トムソン社が提供している文献データベース、Web of Knowledgeが提供しているアラートサービスについて解説。特定文献が引用されたときに、e-mailで知らせてくれます。筆者は自分が発表した論文に加えて、将来やりたいテーマに関連しつつも引用数の少ない「知られざる重要総説」なんかも発掘して登録しています。自分の論文がぽつりぽつりと引用されることがリアルタイムでわかるのもまた楽し、ですよ。
- Evernoteで論文PDFを一元管理!
- 最強の文献管理ソフトはこれだ!
- 文献管理のキラーアプリとなるか?「ReadCube」
- ReadCubeを使い倒す (1・2・3)
最近ではずいぶん普及の進んだ、未来的スクラップソフトEvernote。手持ちのファイルを何でもかんでもクラウドにぶち込むことで、一元管理してしまえます。ケムステではEvernoteを使った電子論文管理法を解説しています。続編ではMendeley・Papers・ReadCubeなどなど、他の文献管理専門ソフトも徹底的に比較レビューをしています。とくにReadCubeは各ジャーナルも専属採用しており、強さがうかがえます。最近になってテクニック集も公開しました。
増え続ける論文PDFの処遇にお困りの方は、ぜひともお試しを!実際の使用例はこちらの記事もご覧ください。
- こんなサービスが欲しかった!「Chemistry Reference Resolver」
- Chemistry Reference Resolverをさらに便利に!
- Wolfram|Alphaでお手軽物性チェック!「Reagent Table Widget」
- 化学検索ツールをあなたのブラウザに
- Firefoxアドオンで化学検索をよりスピーディに!
- 電話番号のように文献を探す―RefPapers
- 文献検索サイトをもっと便利に:X-MOLをレビュー
論文のCitation Numberを打ち込むだけで、一発で論文配布ページへ飛ばしてくれるのがChemistry Reference Resolver。論文探索の手間を激減させる、ありそうで無かった画期的サービス! 提供くださっている作者様には感謝の言葉が尽きません。最近ではより高範囲までカバーされた、Article Locator for Chemistry、RefPapersというサービスも登場しています。こういう便利なサービスを使った検索過程を、より手元でかつ簡単にできないか・・・?という続編記事もあります。各種検索をかなりラクにしてくれますので、是非お試しあれ。

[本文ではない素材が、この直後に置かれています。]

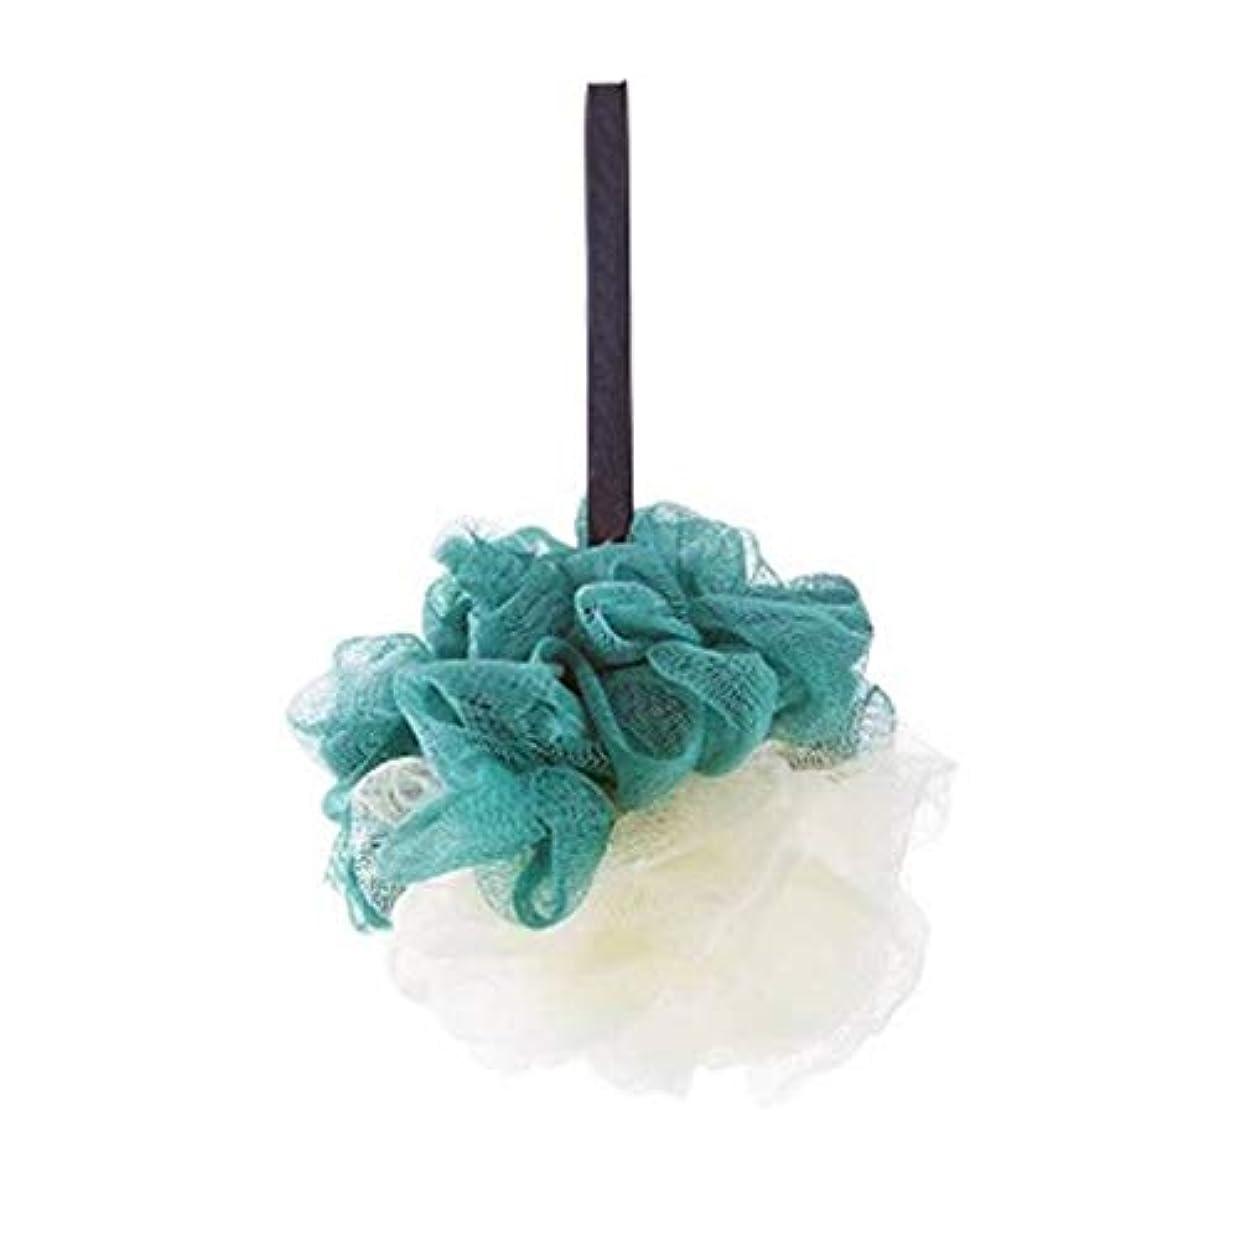 飢饉採用する回想KOROWA ダブル色ボール 超柔軟ボディースポンジ ボディウォッシュボール メッシュ 泡立てネット 風呂 背中 ボディークリーナー

・良質な論文との出会いを増やす「新着論文リコメンデーションシステム」
研究をやっていると、予想外の面白い研究論文に触れたい!出会いたい!というニーズは多々あると思われます。それをある程度満たしてくれるツールが、「論文リコメンデーションシステム」です。これはその名の通り、読むべき論文リストを個別最適化しておすすめしてくれるサービスです。多くは立ち上がったばかりでこれからという印象ですが、記事中では化学系論文チェックに役立ちそうなものに絞って、比較レビューしています。
「はてブ」や「Delicious」といった名前をかつてどこかで聞いたこと有りませんか?それがソーシャルブックマークサービスです。”お気に入り”ブックマークをネット経由で参照可能にするサービスですが、他人のブックマーク情報も加味されるので、うまく使うことで変わった角度からの情報取得もできます。たとえばchemistryタグをRSS登録しておくなどは典型です。ただ、現在ではFacebook・Twitterを初めとするSNSの台頭により、相対的な重要性は下がっているように思われます。

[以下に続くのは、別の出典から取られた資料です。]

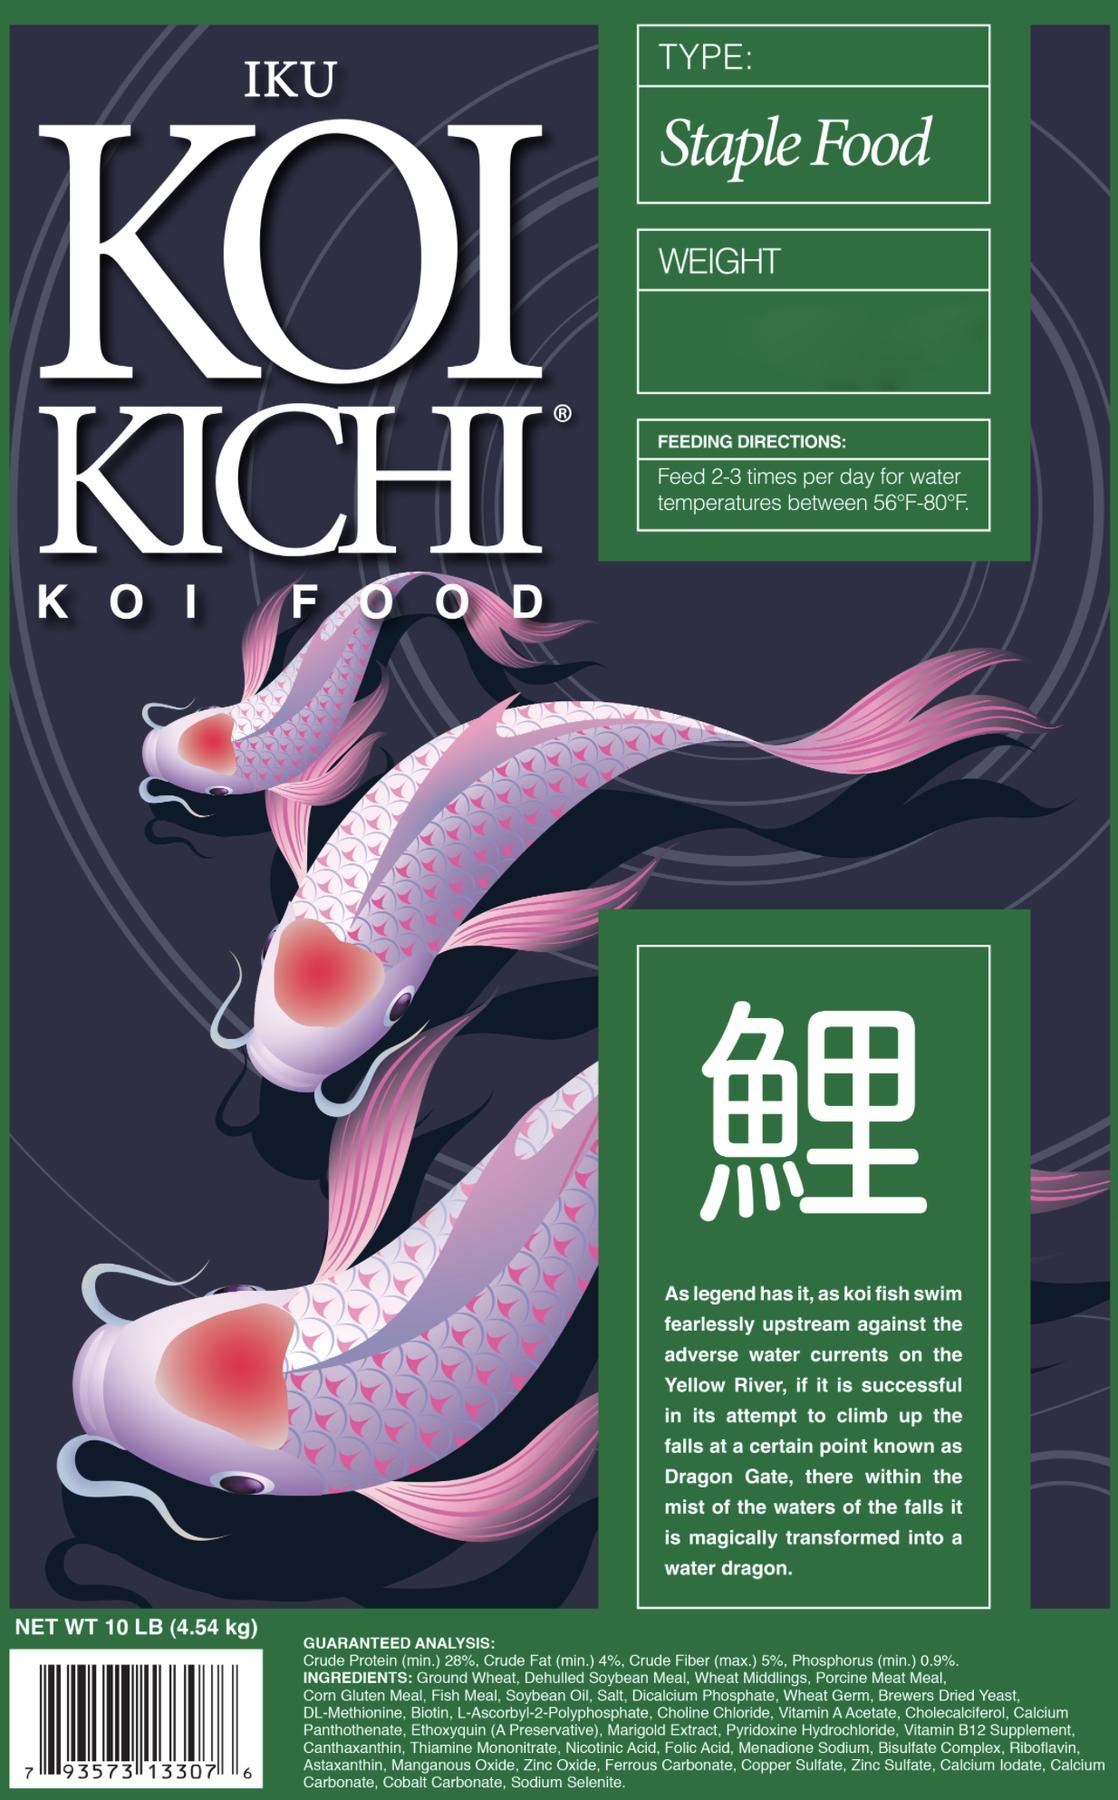 Iku Koi Kichi Staple Koi Fish Food

リアルタイム情報共有つぶやきシステムを、知らない人はもはやいないでしょう。地震の時にもインフラとしての磐石たる地位を見せつけていました。現在最速の情報源は、間違いなくTwitterです。うまく使えば、情報処理の幅が広がります。上の記事は、化学やってるけどTwitterなんて使ったこと無いよ~というビギナー向けに書かれています。Chem-Stationも公式Twitterアカウントを持っています。ご存じないというそこの君、@chemstationを早速フォローだ!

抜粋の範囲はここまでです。